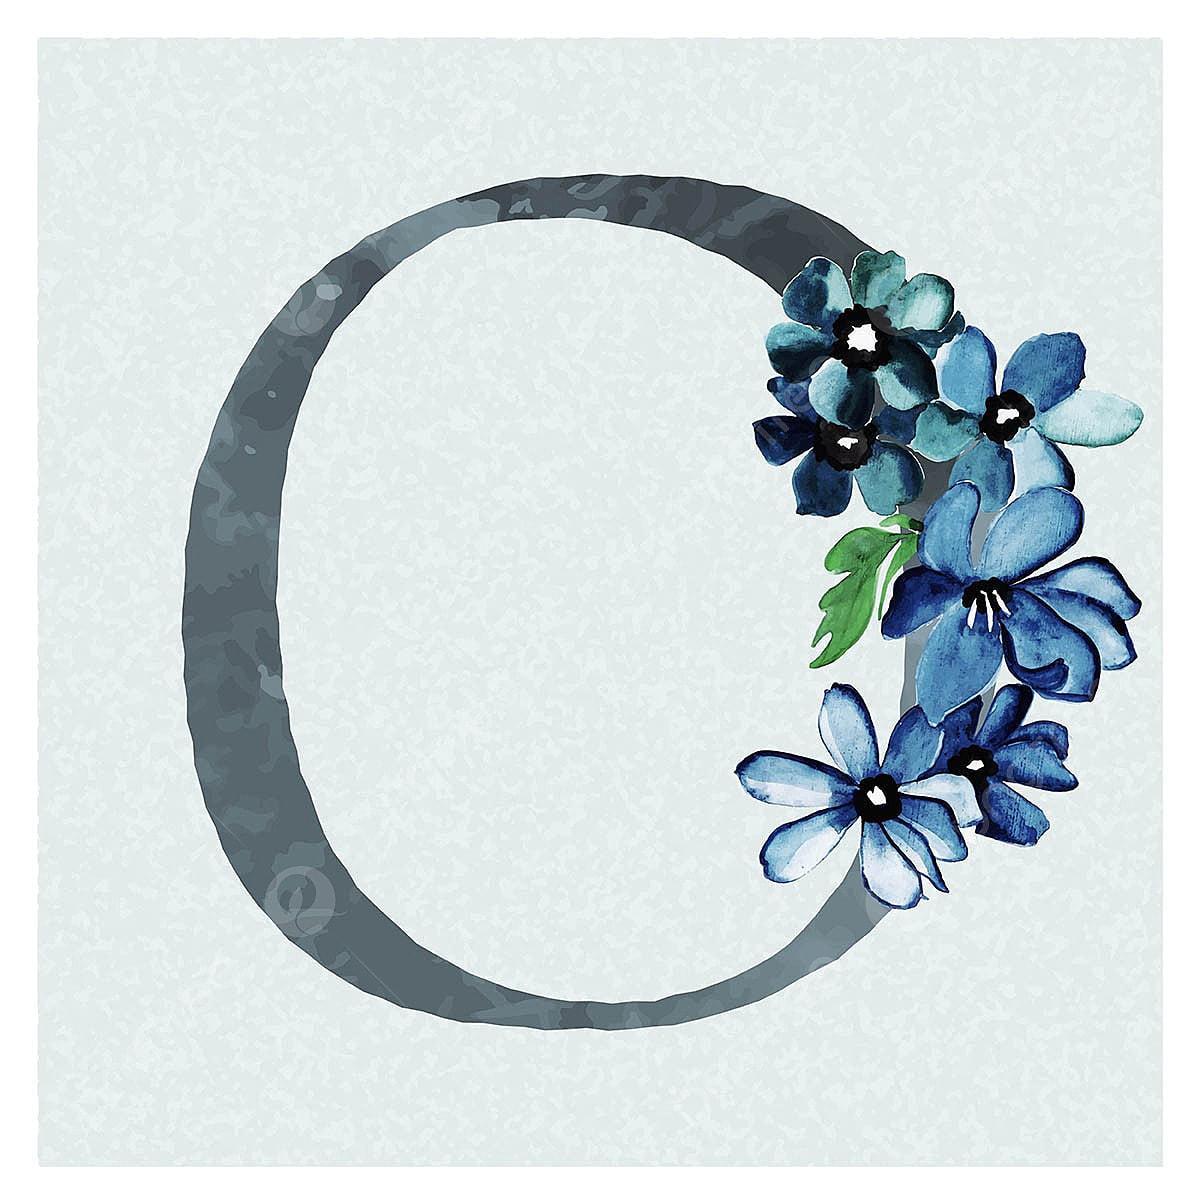 ألوان مائية الزهور خلفية باللون الأزرق موضوع الرسالة س ألوان مائية اللون زهري Png والمتجهات للتحميل مجانا
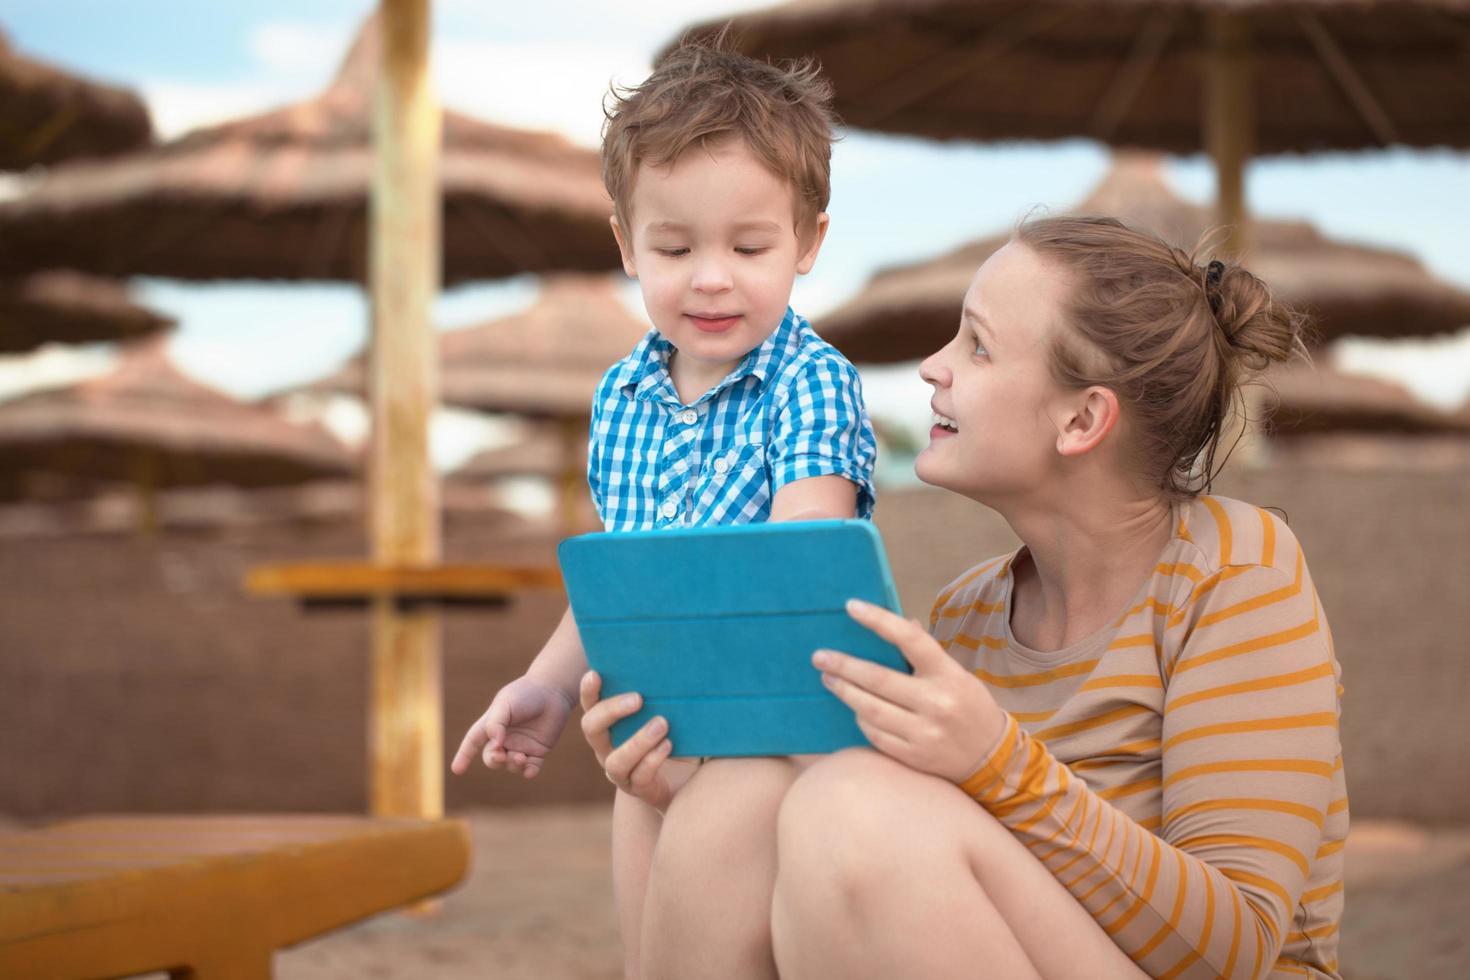 menino e mãe usando um tablet foto
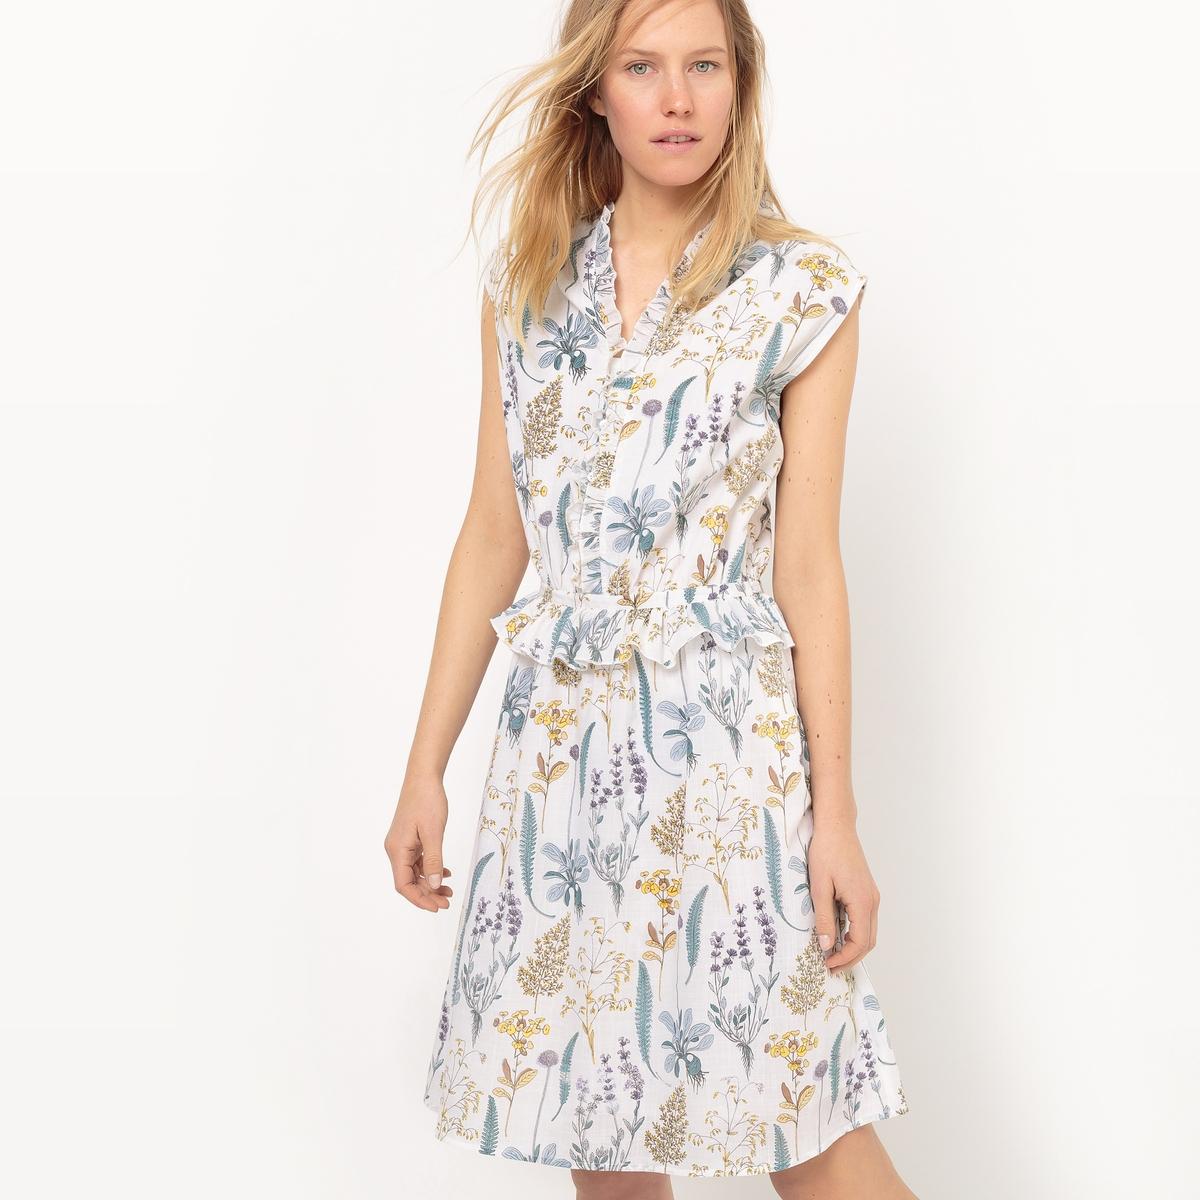 Платье длинное без рукавов, с воланами lovaru ™ 2015 летний стиль женщин моды макси платье без рукавов слэш шеи высокого качества мягкие и удобные платья горячей продажи
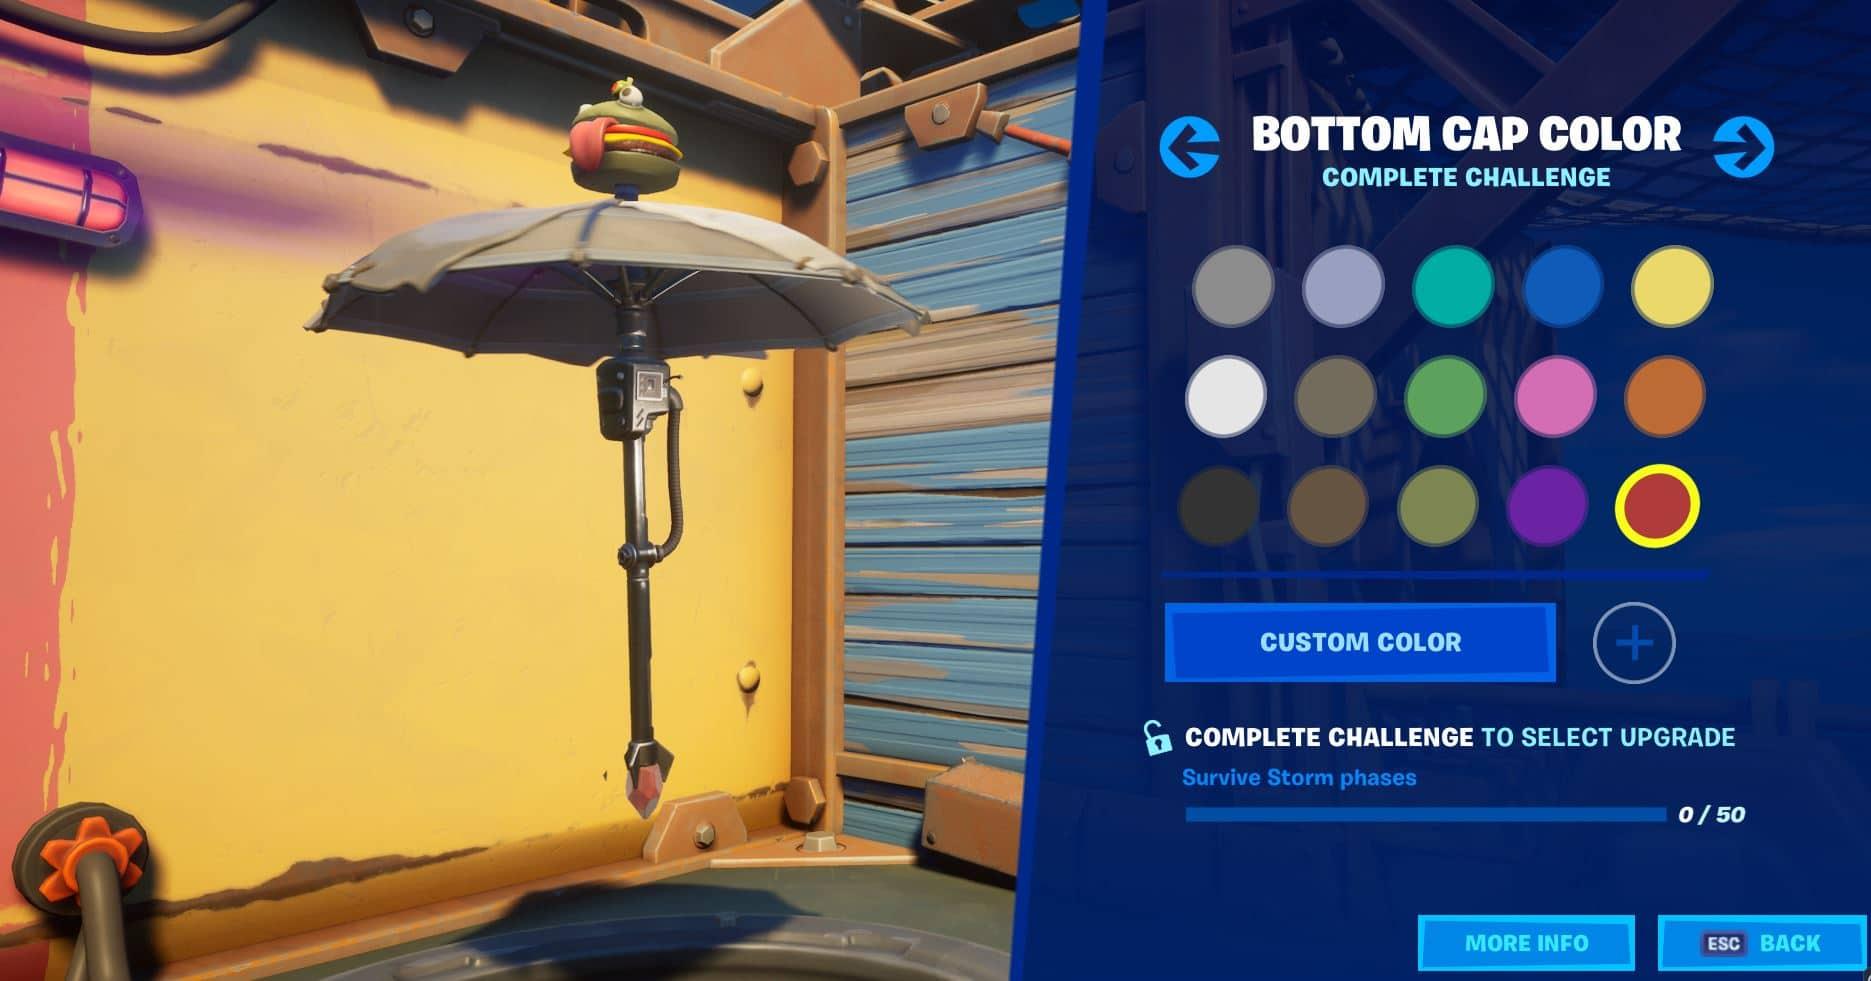 Fortnite Build a Brella Bottom Cap Color Challenge
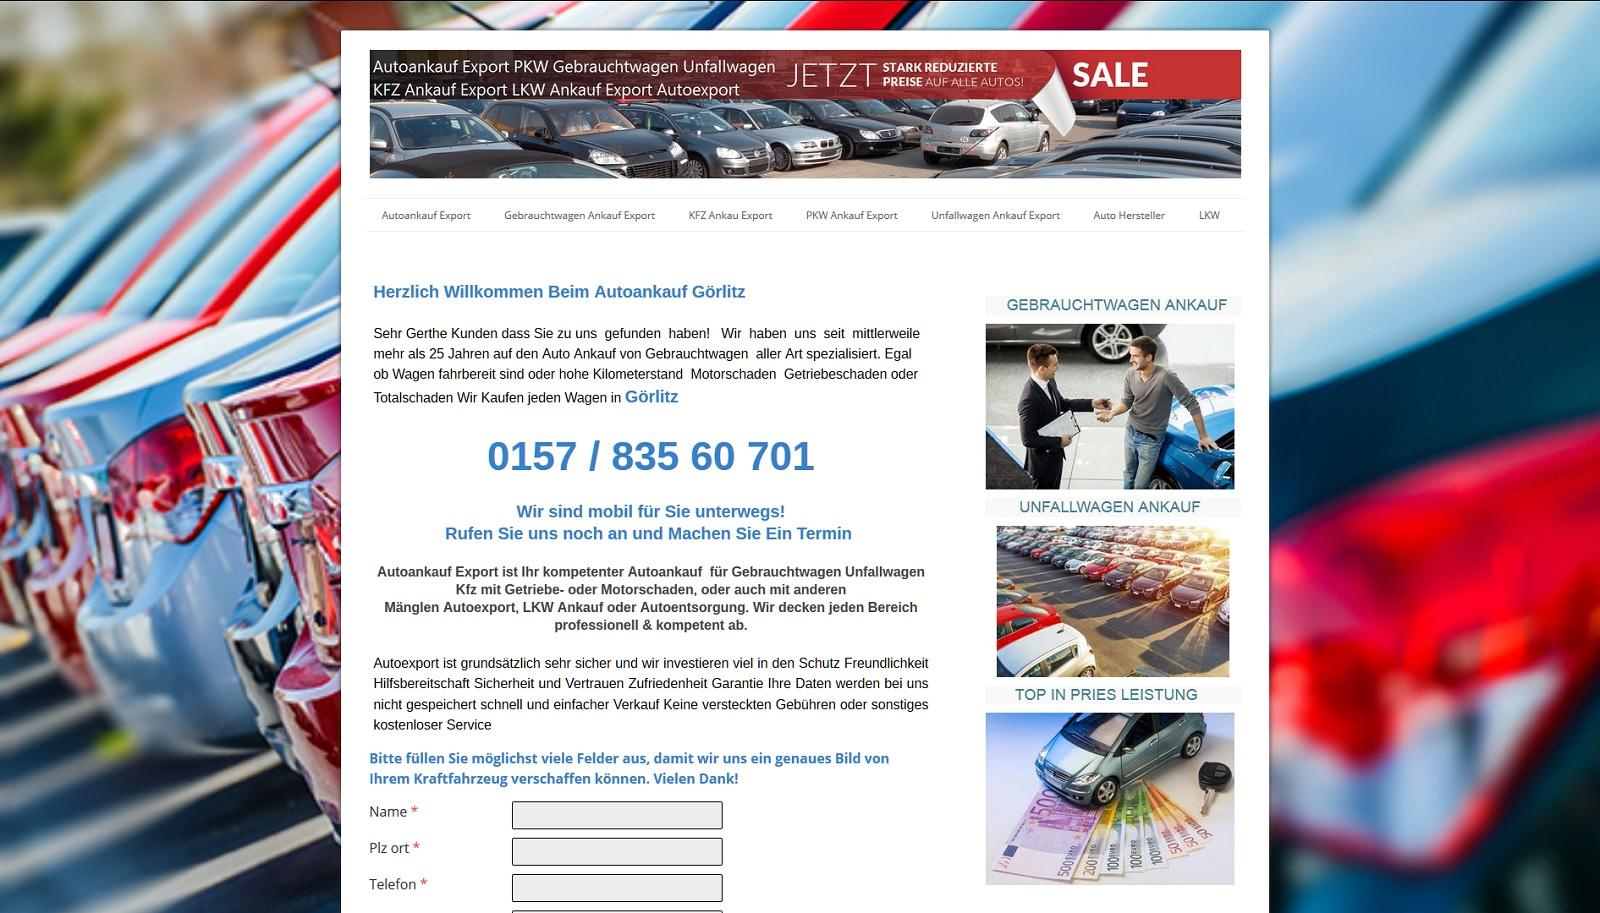 auto-ankauf-export.de - Autoankauf Görlitz

- - - -

§ WORK TO BE COMPLETED
An exact copy is required of the lines from the one holding "menino e mãe usando um tablet foto" to the end of the entries above, both included; no pictures belong in it.

§ REPLY
 menino e mãe usando um tablet foto
 Платье длинное без рукавов, с воланами lovaru ™ 2015 летний стиль женщин моды макси платье без рукавов слэш шеи высокого качества мягкие и удобные платья горячей продажи
 Fortnite Build a Brella Bottom Cap Color Challenge
 auto-ankauf-export.de - Autoankauf Görlitz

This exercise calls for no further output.